Все-таки нельзя безнаказанно разбрасывать камни. Связь материального и нематериального тоньше, чем кажется тем, кто рассматривает Петербург как населенный землю, отданную государем на кормление. За каждым снесенным или изнасилованным домом - снесенные или изнасилованные судьбы. Камни города нельзя отделить от тех, кто еще ютится под их сенью, даже если это насельники дома скорби, имевшего несчастье разместиться в престижном районе…


НЕ ДАЙ МНЕ БОГ СОЙТИ С УМА

- выдохнул однажды Пушкин, красочно живописав помраченное состояние, мысль о котором вызвала у него содрогание. Те люди, которые в 1841 году открывали в доме на набережной Фонтанки, 132 Временный лазарет для рабочих, через двадцать лет превратившийся в Александровскую больницу для бедных, явно были в твердом уме и трезвой памяти – конечно, не на взгляд тех, для кого сострадание и социальная ответственность являются синонимом сумасшествия. Думаю, кстати, такие были всегда, вот только удельный вес их в разные времена разный.

В общем, больница в этом доме была с незапамятных времен, не исключая и советские годы, когда там обосновался городской психоневрологический диспансер №7. Как он работал, кого лечил, я не знаю – знаю только, что место там тихое, как будто и не город вовсе: при каждом корпусе меланхолический дворик, почти патио, хитро спрятанное от глаз, хотя совсем недалеко бушует Измайловский проспект, набережная Фонтанки видна из одних окон, речка Пряжка струится в других, и Троицкий собор синеет звездчатыми куполами. А уж внутри корпусов – потолки высоченные, коридоры гулкие – кино, говорят, здесь любят снимать, оно и понятно.

Понятно также, что орлиное око инвестора не могло пропустить такую жемчужину. Разговоры о переселении диспансера поползли уже несколько лет назад, но гром грянул этой осенью, после того как губернатор Валентина Матвиенко обозрела земельный участок под Гатчиной, предназначенный для новых корпусов психиатрической больницы имени Кащенко.
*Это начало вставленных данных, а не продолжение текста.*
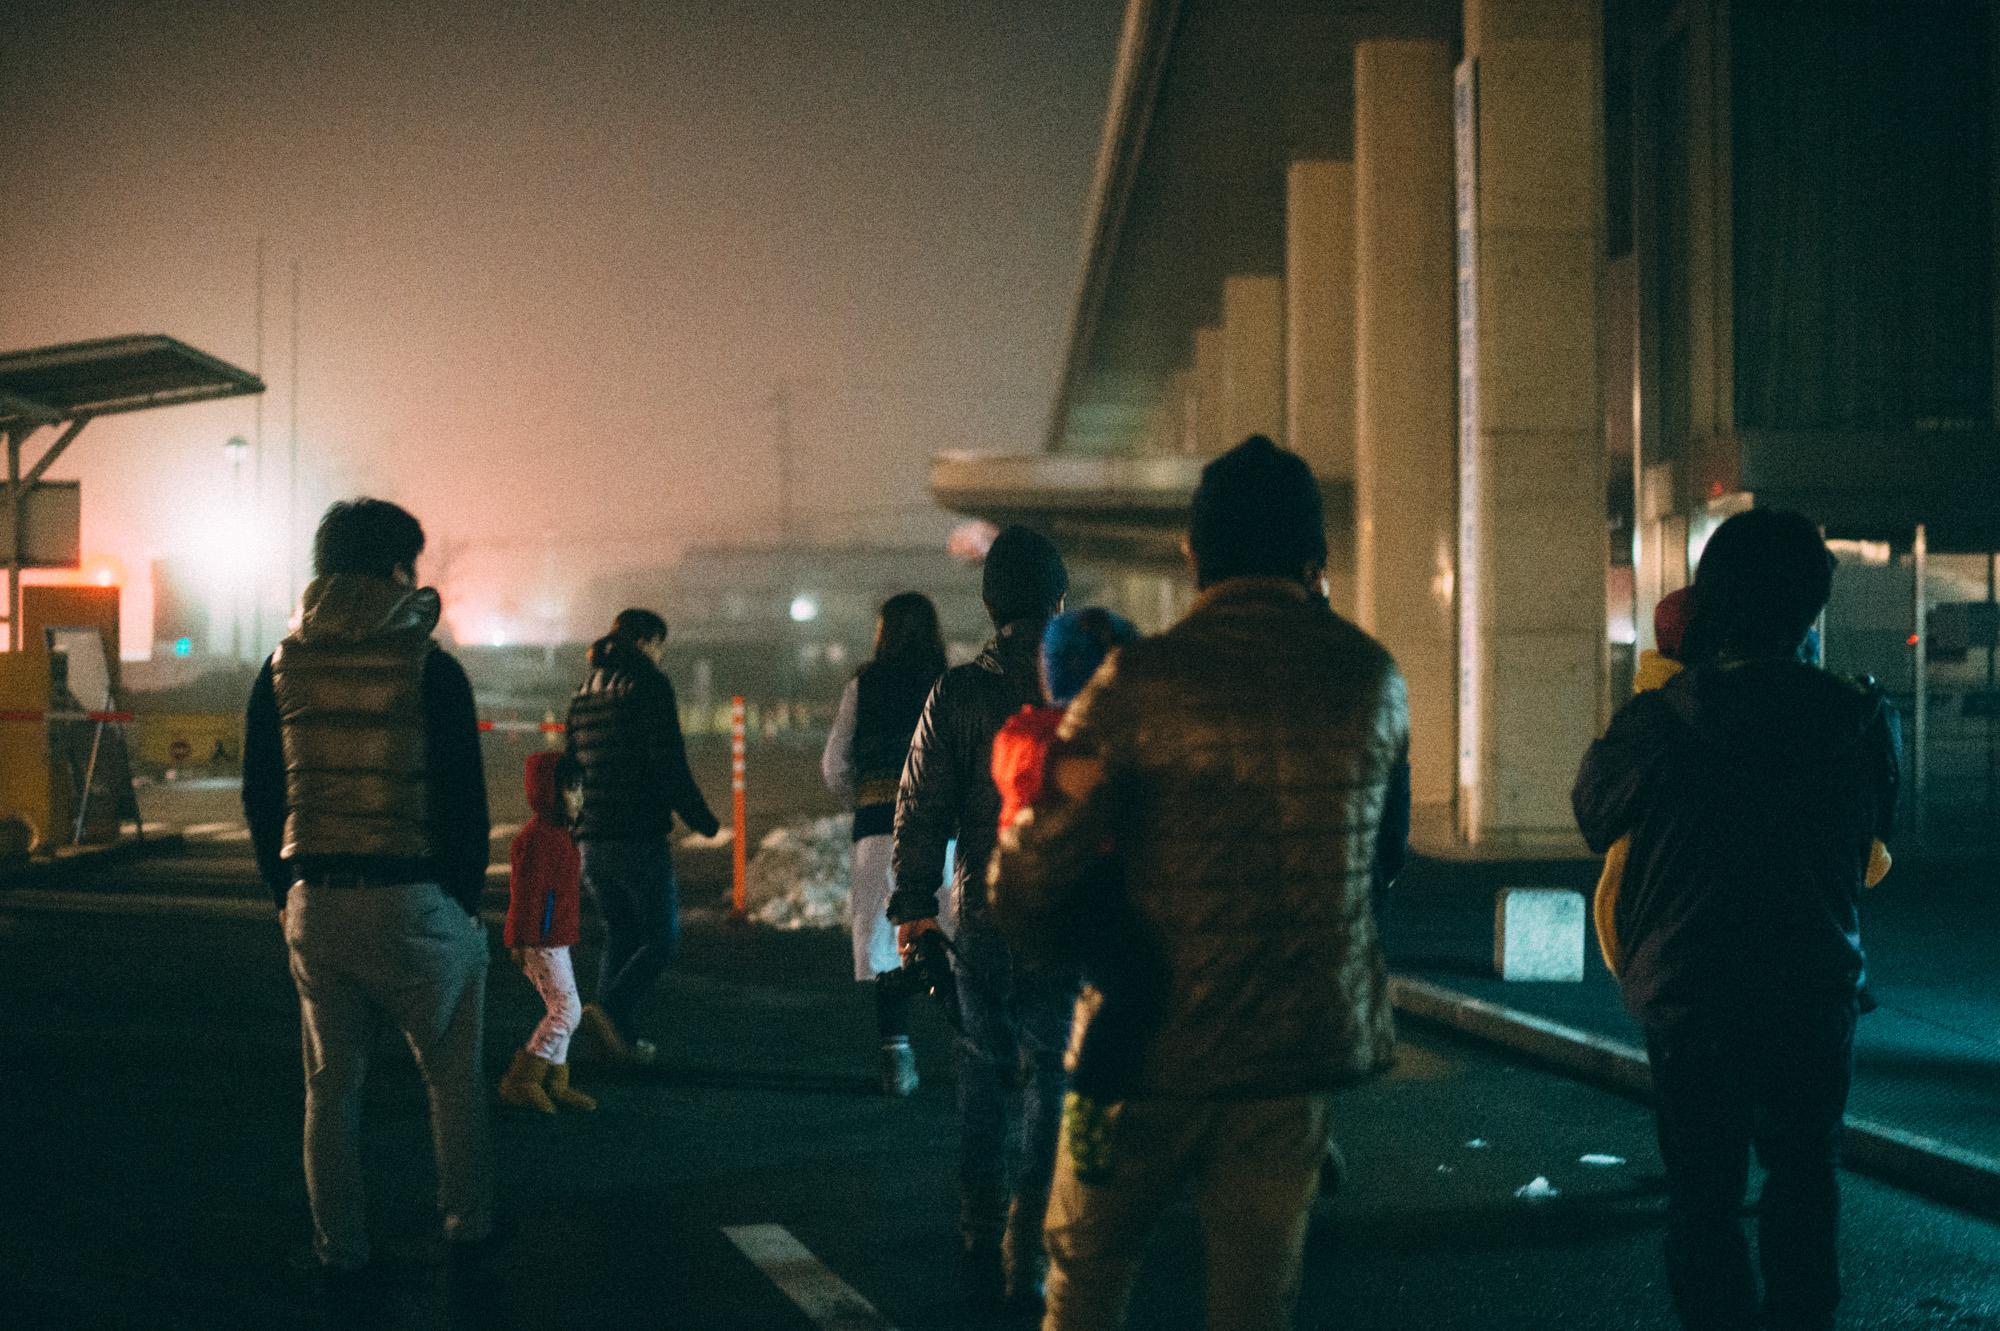 福知山前撮り91

Что писали в свое время про эту больницу, то есть как там обращаются с больными, я повторять не буду, чтобы лишний раз не расстраиваться, но главное – губернатор сообщила о грядущем переезде в эти корпуса насельников больницы на набережных Пряжки и Фонтанки, поскольку палаты психоневрологического диспансера № 7 – ну-ка, угадайте, что с ними не так? – Правильно – не соответствуют санитарным нормам.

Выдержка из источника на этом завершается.